The changes will help “to break down geographical barriers in research participation and to adapt to limitations on travel,” according to the Society.
hEDS is the most common type of EDS, and is characterized by generalized joint hypermobility — the ability to bend unusually far at joints such as the knee, elbows, and knuckles. Despite its commonality, the genetic changes that underlie hEDS are largely unknown. Indeed, among the 14 EDS subtypes, hEDS is the only one without well-established genetic markers.
The overarching aim of the HEDGE study is to identify the genetic cause(s) of hEDS. That could allow for more accurate and earlier diagnosis, or even open avenues for designing treatment strategies.
The HEDGE study is set to obtain whole-genome sequencing data — information on an individual’s entire genetic sequence — for 1,000 people with hEDS. These data will then be analyzed to identify possible causal genetic variations associated with hEDS.

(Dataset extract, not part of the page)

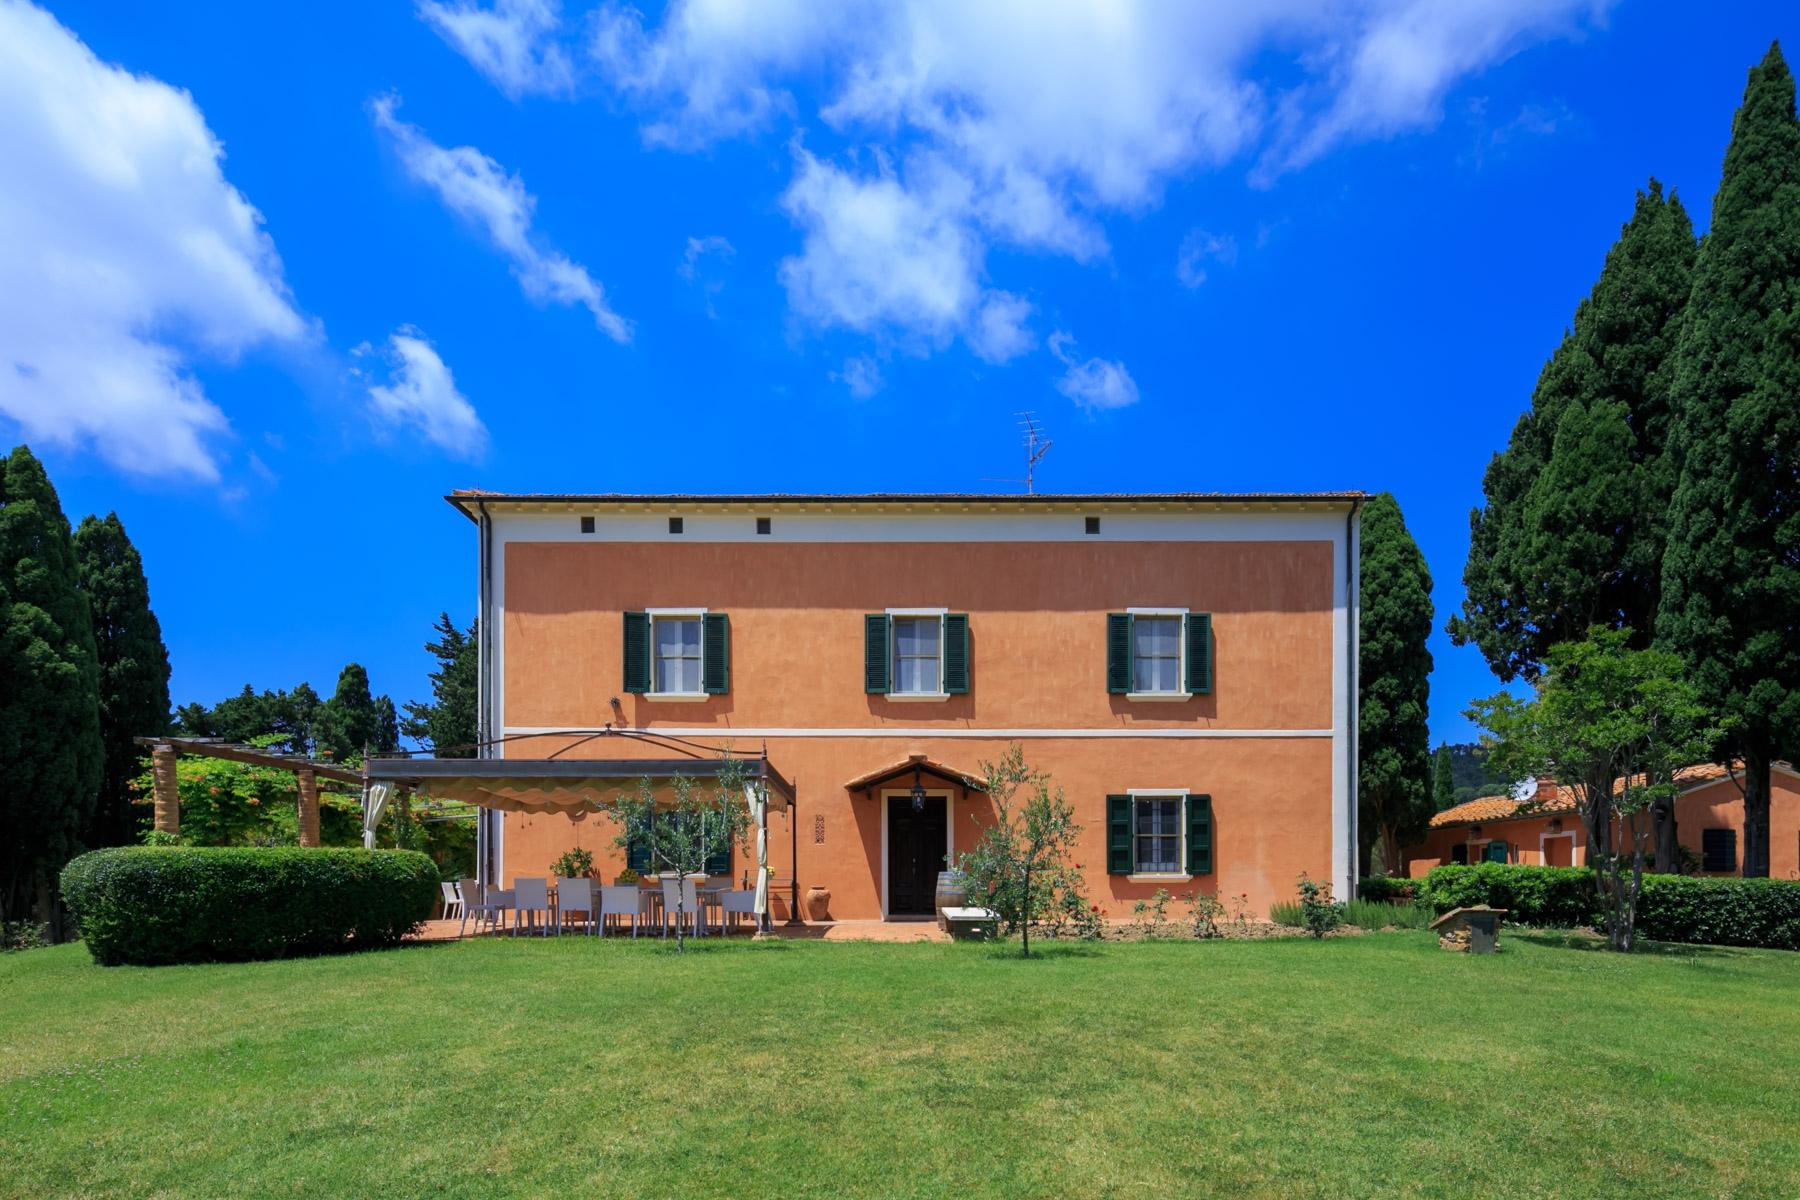 Villa in Vendita a Campiglia Marittima: 5 locali, 1100 mq - Foto 6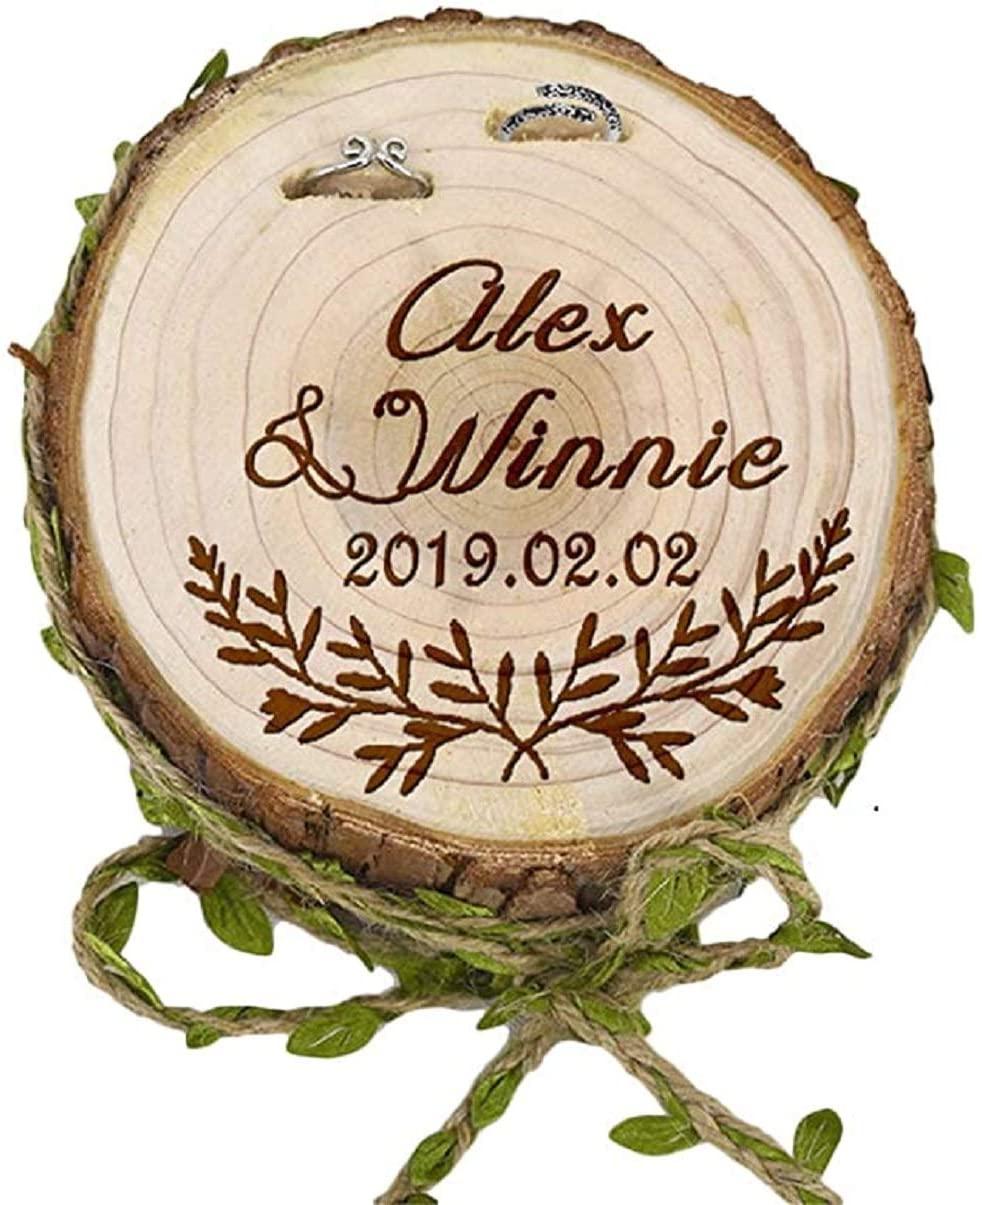 epinglu Personalised Wooden Wedding Ring Box - Custom Engraved Rustic Ring Box Marry Proposal Engagement Ring Bearer Box Holder

Prior to the new screening system, participation in the HEDGE study began at in-person events, at which blood samples were collected for genetic sequencing. To date, 12 such events have been held, with 413 individuals with hEDS enrolled in the study.
The new screening system allows interested individuals to do a similar blood draw at home or at other locations.
Anyone interested in participating should first create an account in the EDS and HSD Global Registry, then complete the surveys found on the registry dashboard. Individuals must be at least age 16 to create an account; an adult family member may sign up on behalf of affected individuals.
After completing the surveys, individuals must upload a document from their healthcare provider that establishes a diagnosis of hEDS according to the 2017 diagnostic criteria. Generally, this document will be a record of the visit at which the initial hEDS diagnosis was made, though more recent documentation may be needed for people diagnosed before 2017. Examples of acceptable documentation include a letter from a healthcare provider confirming the diagnosis or a completed hEDS 2017 diagnostic checklist.
After the relevant documentation is uploaded, HEDGE staff will review the records to determine whether the individual meets the enrollment criteria. Those who do will be invited to participate in a video or audio call, during which informed consent will be obtained and further details will be discussed. Then, arrangements will be made for participants to have their blood drawn, either at home or elsewhere.
The Ehlers-Danlos Society said the study expects to begin issuing invitations through this new system by September.